**Supplied data**
____________________
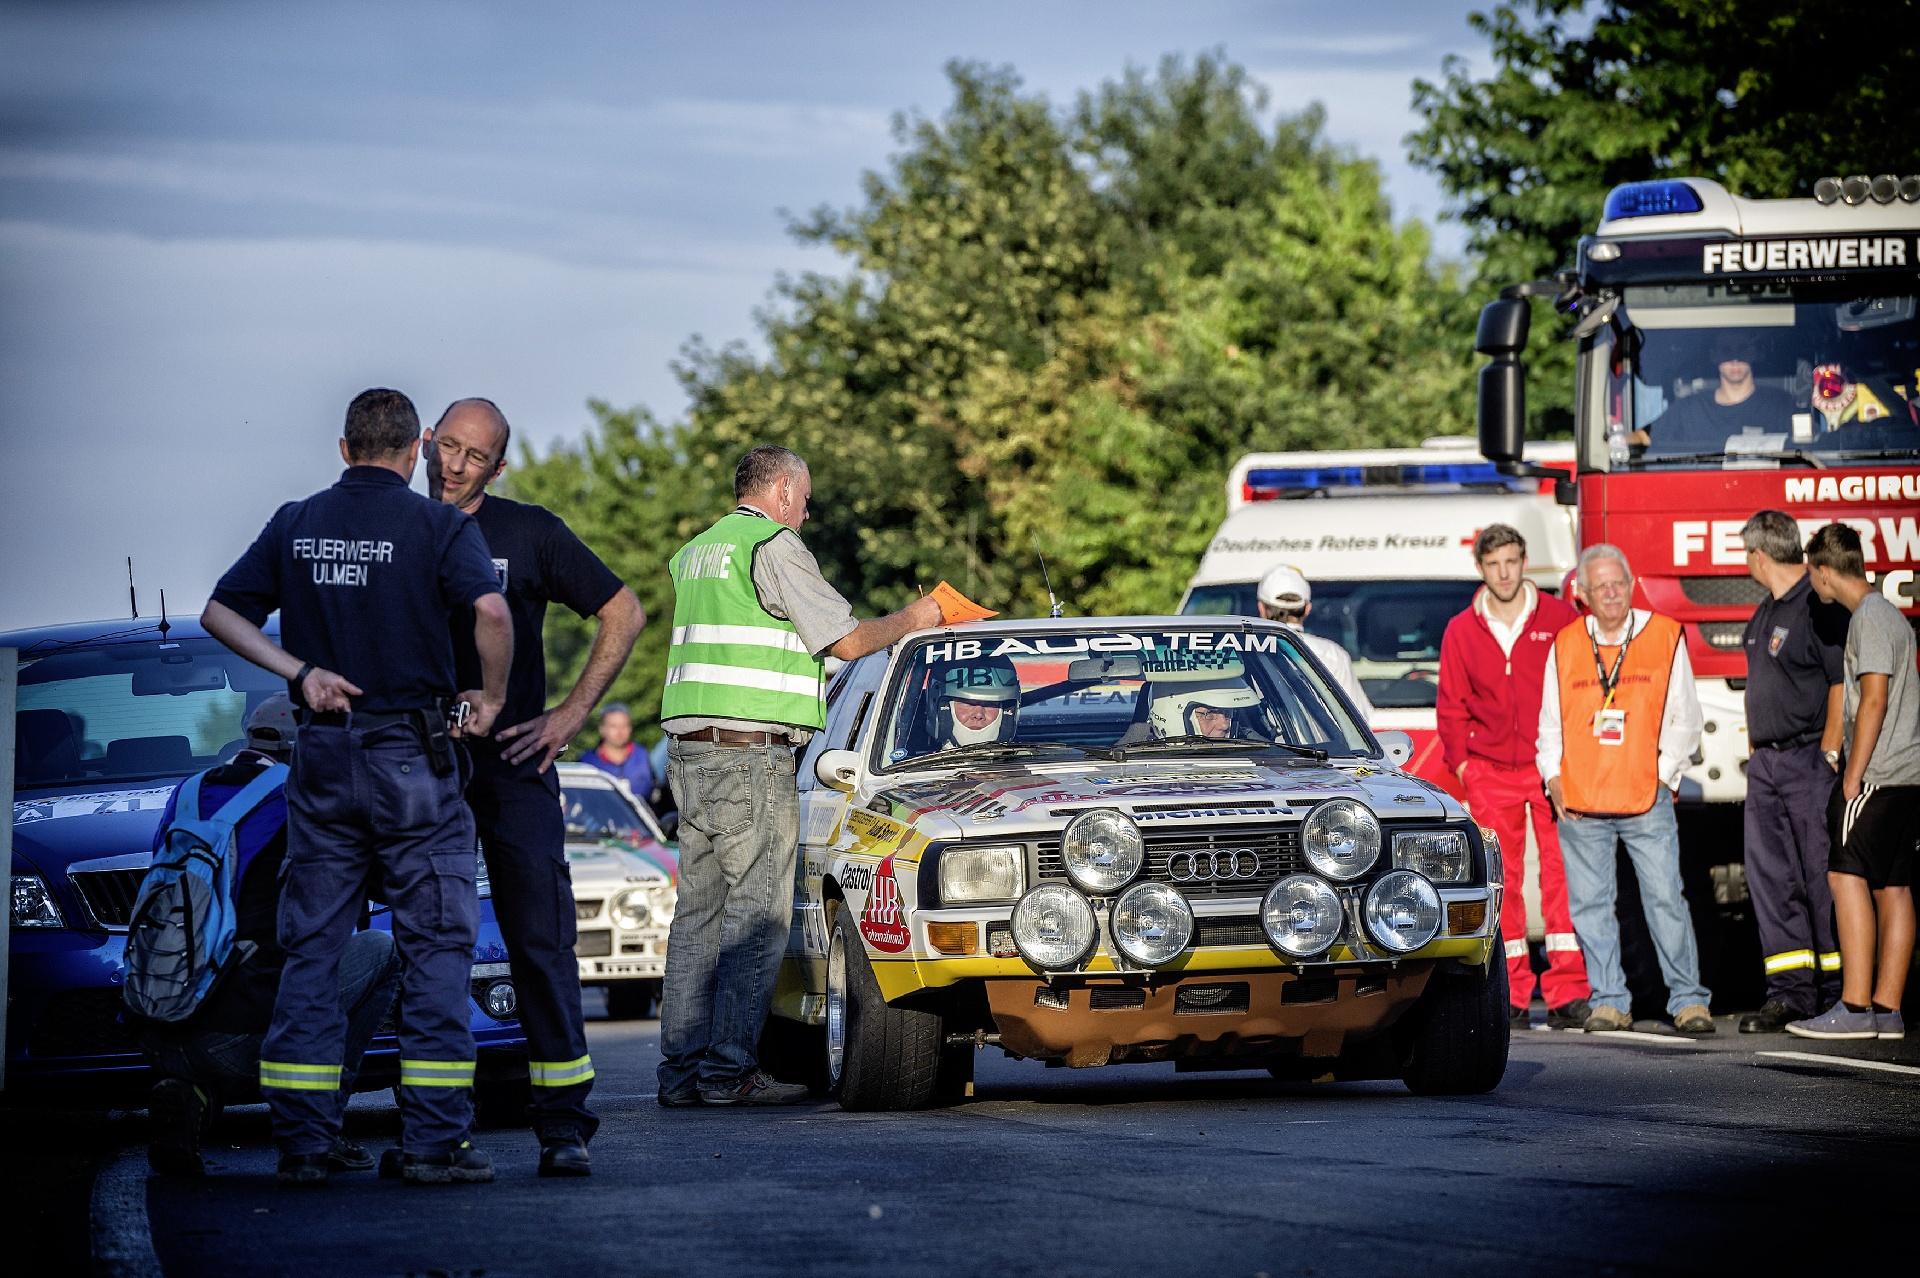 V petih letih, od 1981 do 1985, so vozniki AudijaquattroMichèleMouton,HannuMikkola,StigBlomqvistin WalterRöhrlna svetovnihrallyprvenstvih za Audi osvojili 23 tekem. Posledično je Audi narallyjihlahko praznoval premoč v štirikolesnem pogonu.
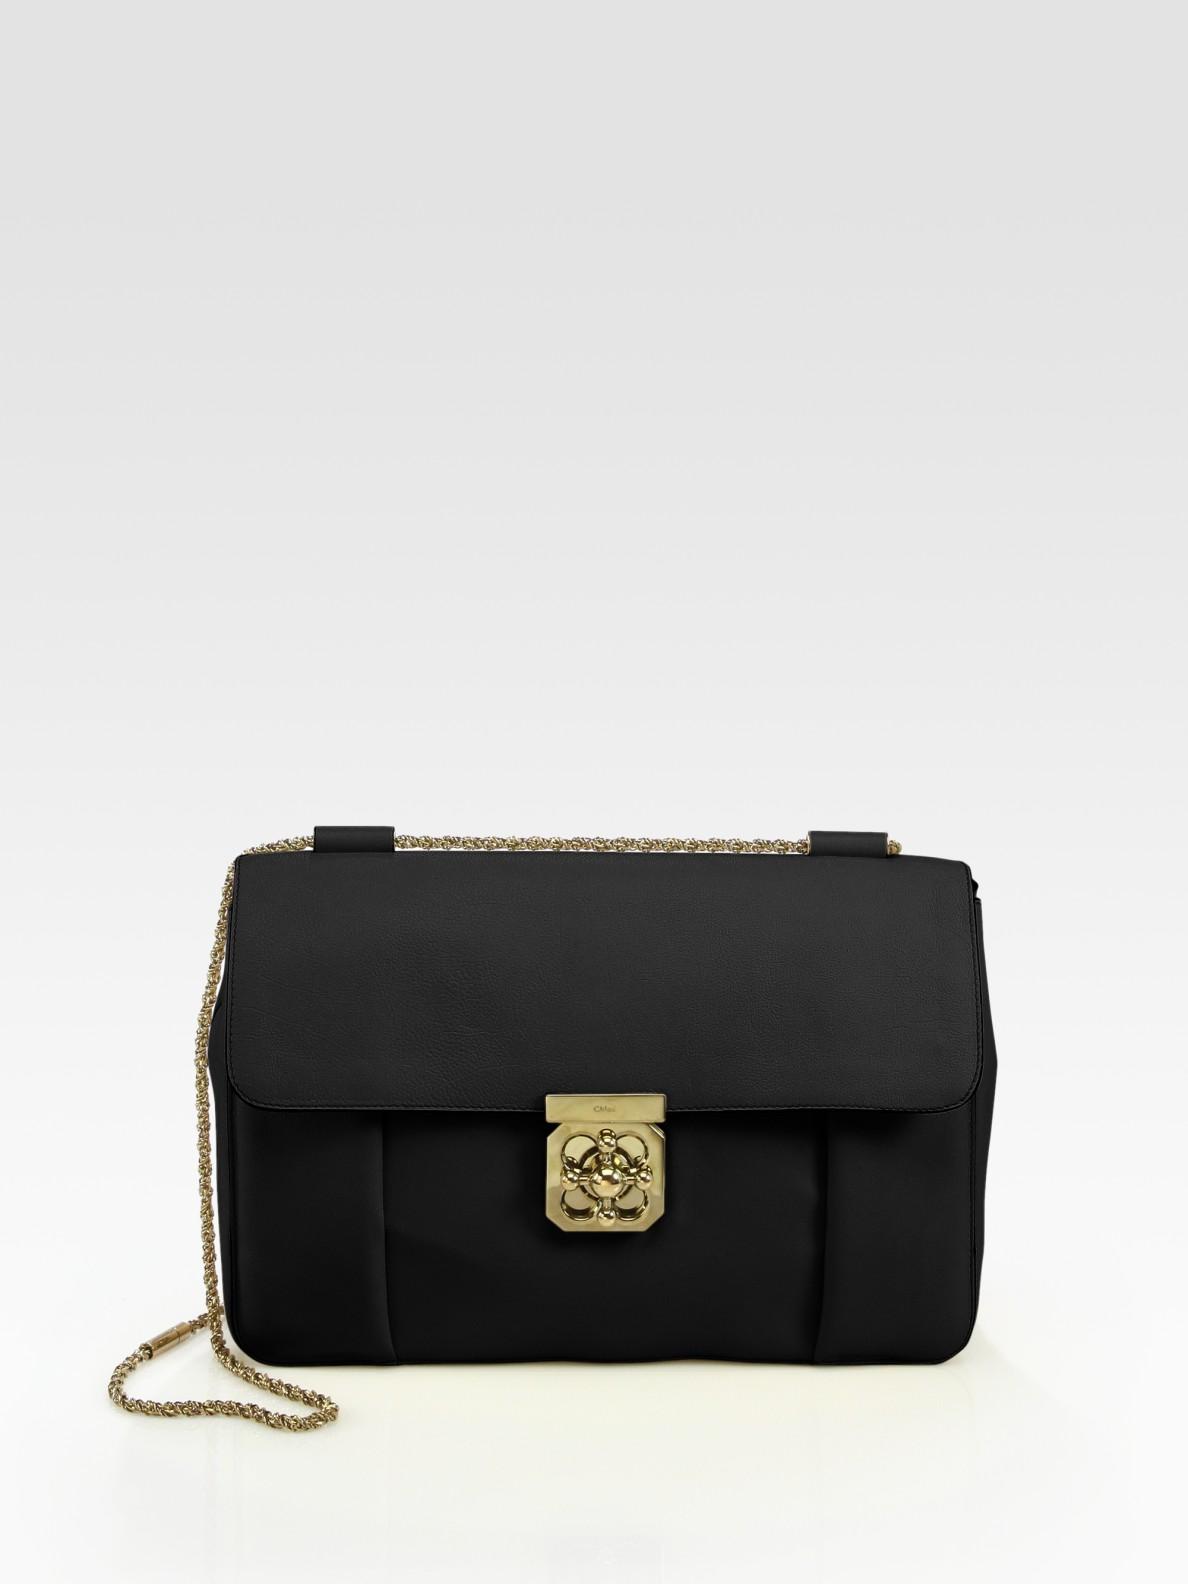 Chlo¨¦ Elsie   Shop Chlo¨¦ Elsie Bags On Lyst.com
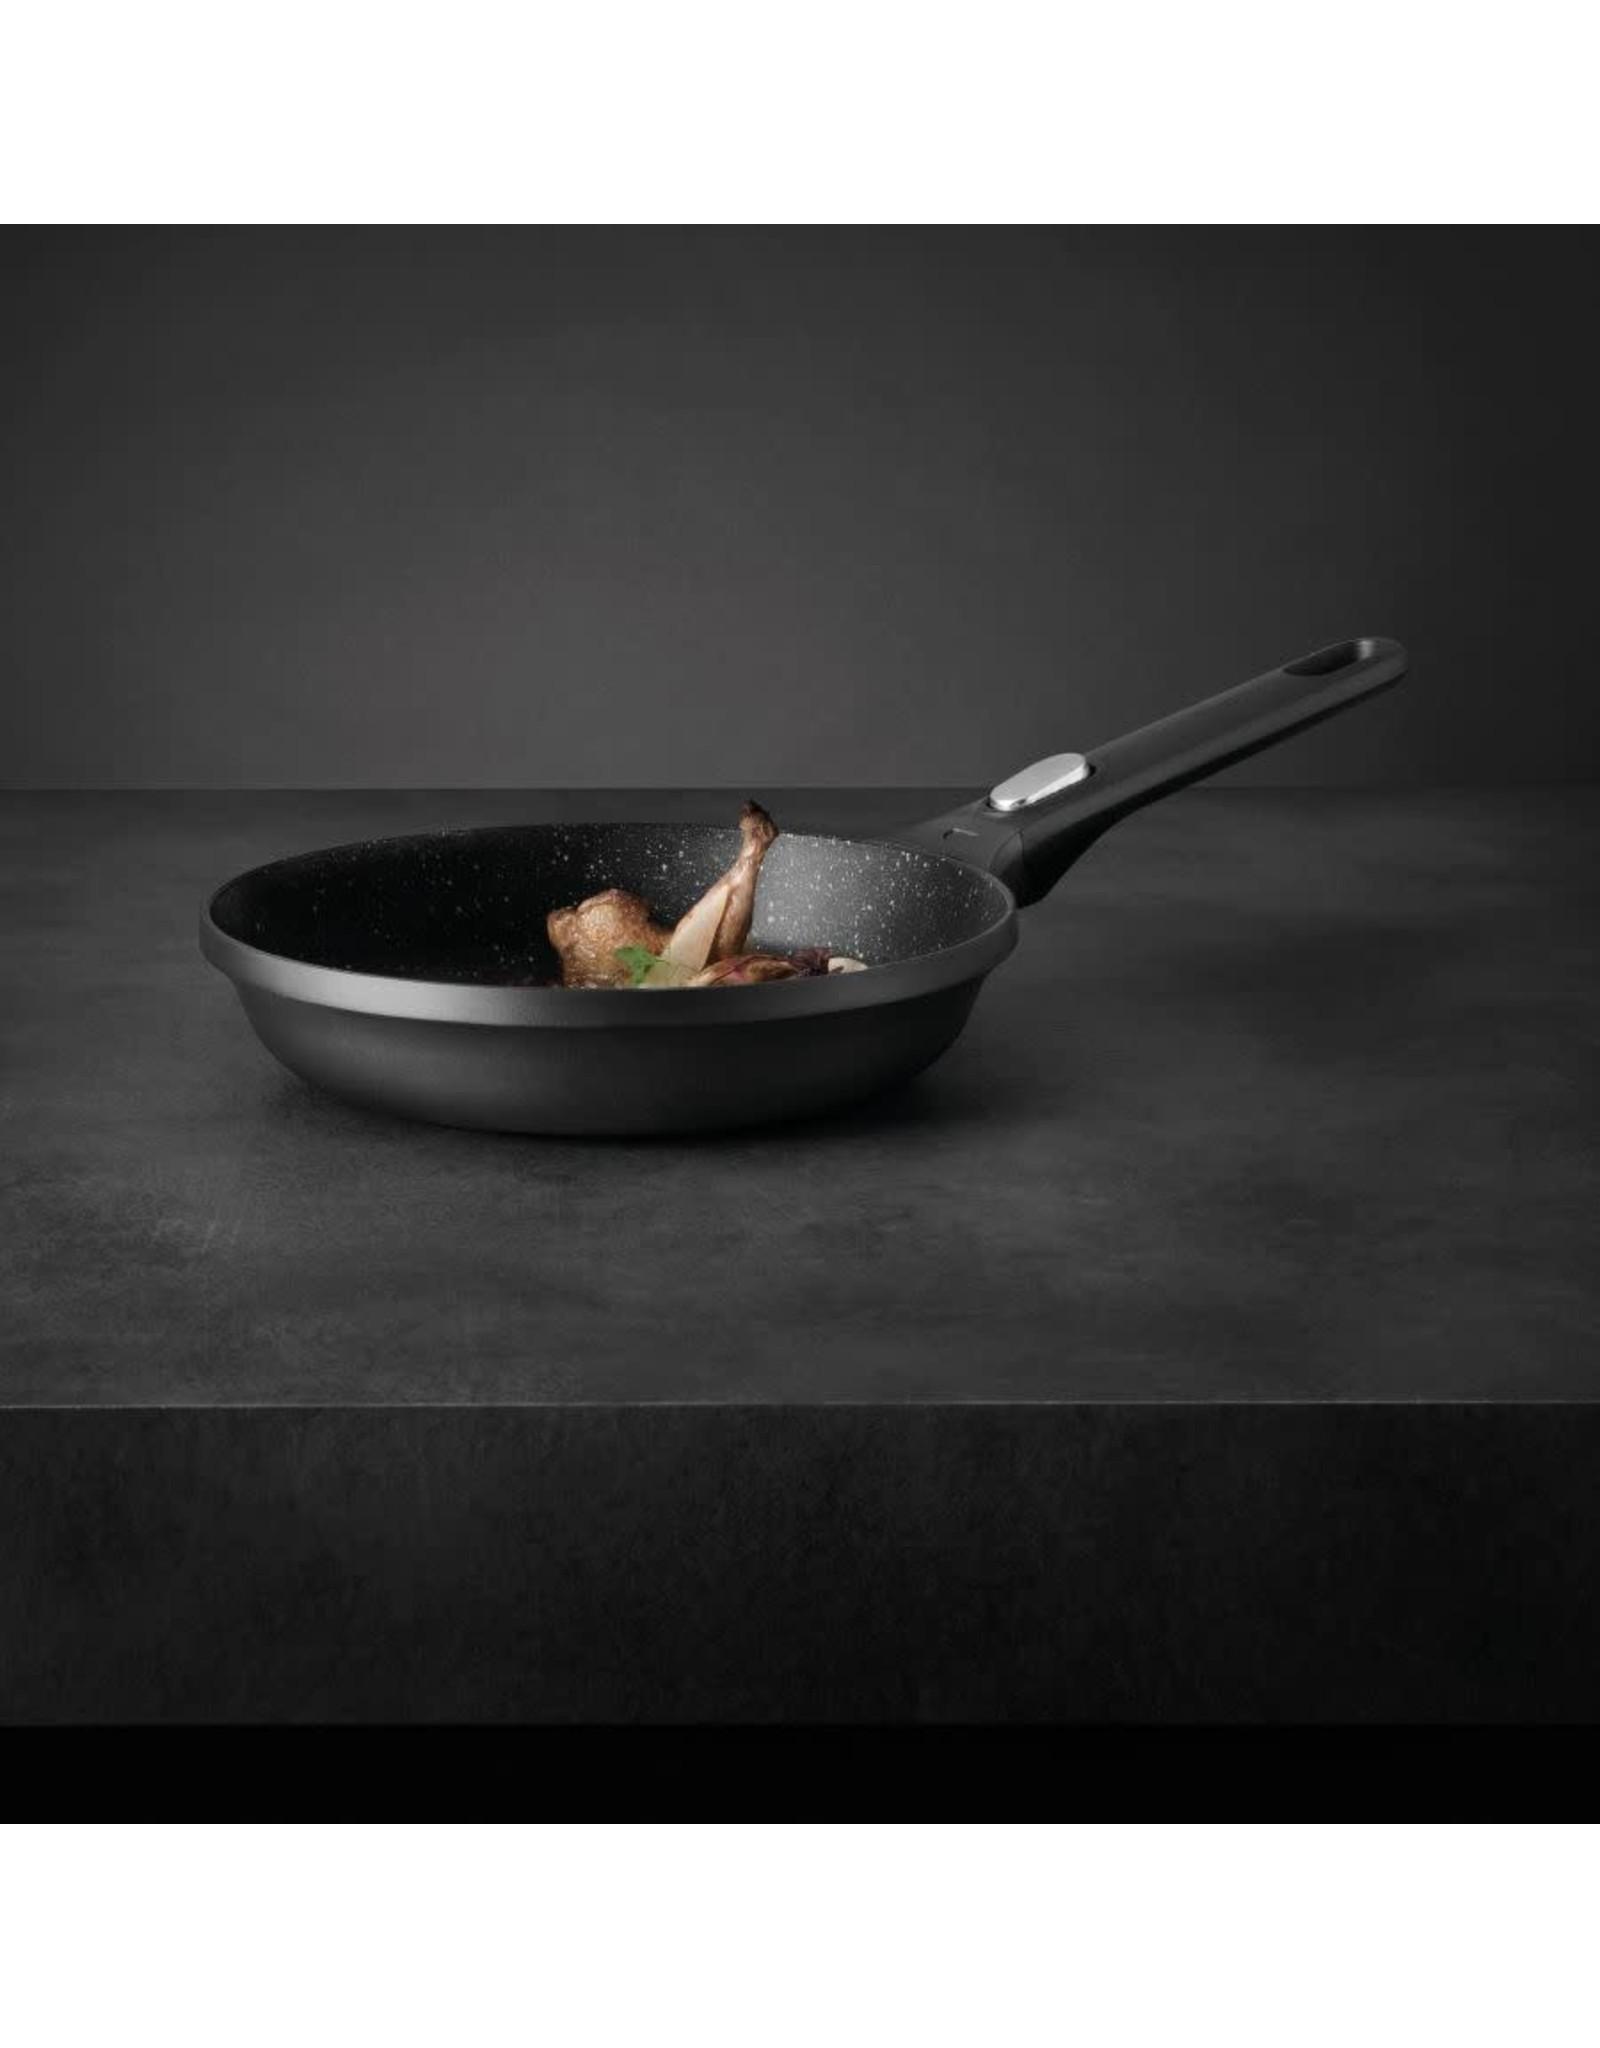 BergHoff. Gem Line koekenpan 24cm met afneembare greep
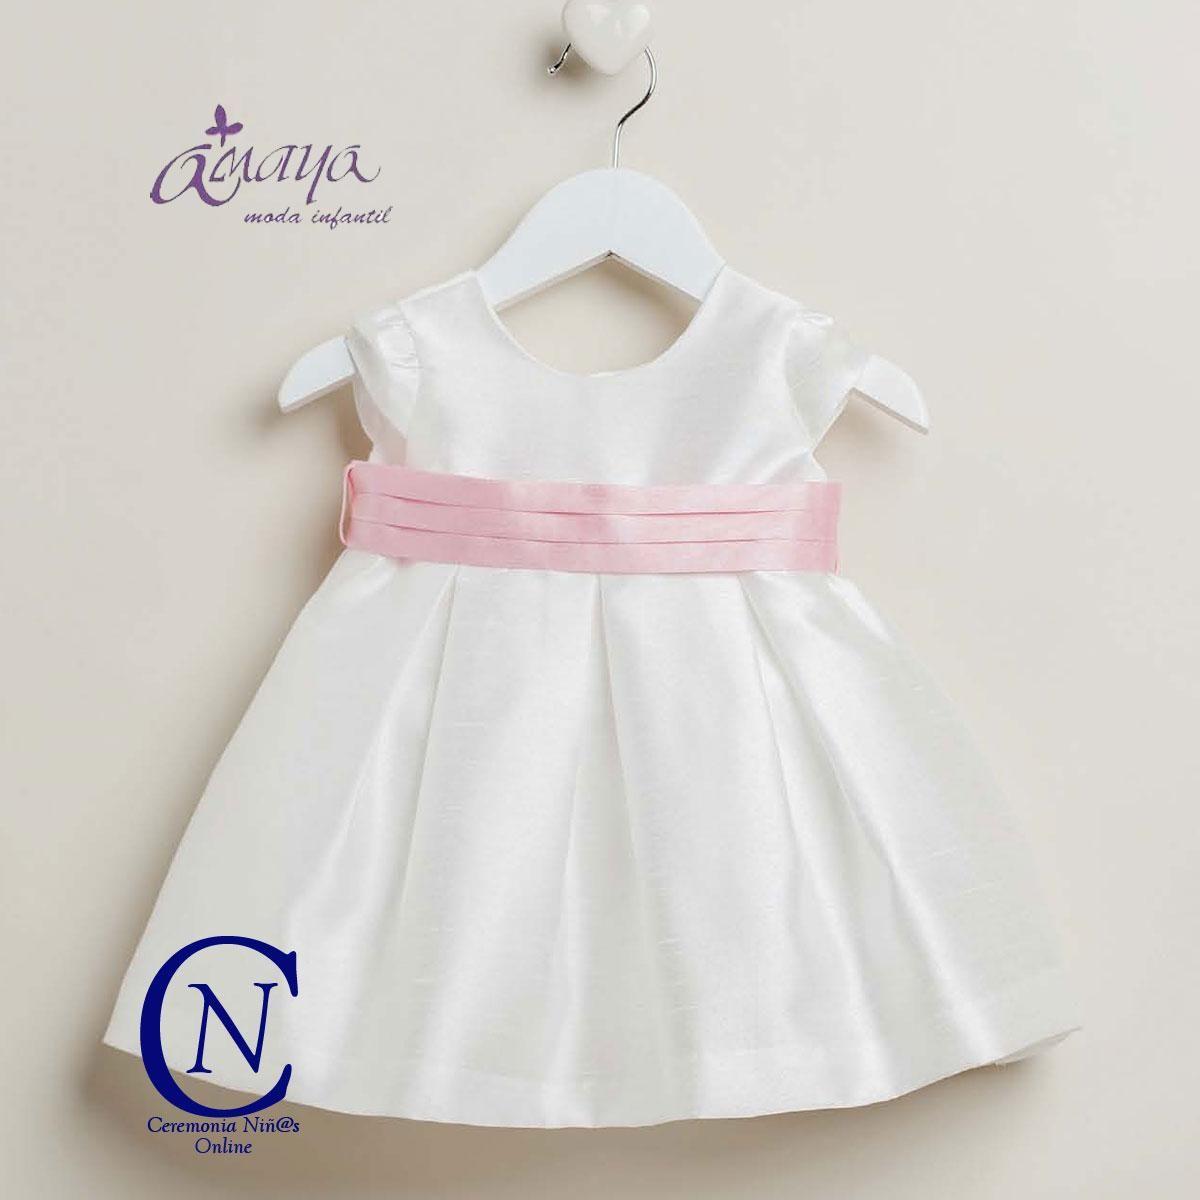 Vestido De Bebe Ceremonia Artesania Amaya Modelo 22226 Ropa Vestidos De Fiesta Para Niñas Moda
____________________
Everything in the listing above, apart from its pictures, must be repeated exactly.

 V petih letih, od 1981 do 1985, so vozniki AudijaquattroMichèleMouton,HannuMikkola,StigBlomqvistin WalterRöhrlna svetovnihrallyprvenstvih za Audi osvojili 23 tekem. Posledično je Audi narallyjihlahko praznoval premoč v štirikolesnem pogonu.
 Chlo¨¦ Elsie   Shop Chlo¨¦ Elsie Bags On Lyst.com
 BergHoff. Gem Line koekenpan 24cm met afneembare greep
 Vestido De Bebe Ceremonia Artesania Amaya Modelo 22226 Ropa Vestidos De Fiesta Para Niñas Moda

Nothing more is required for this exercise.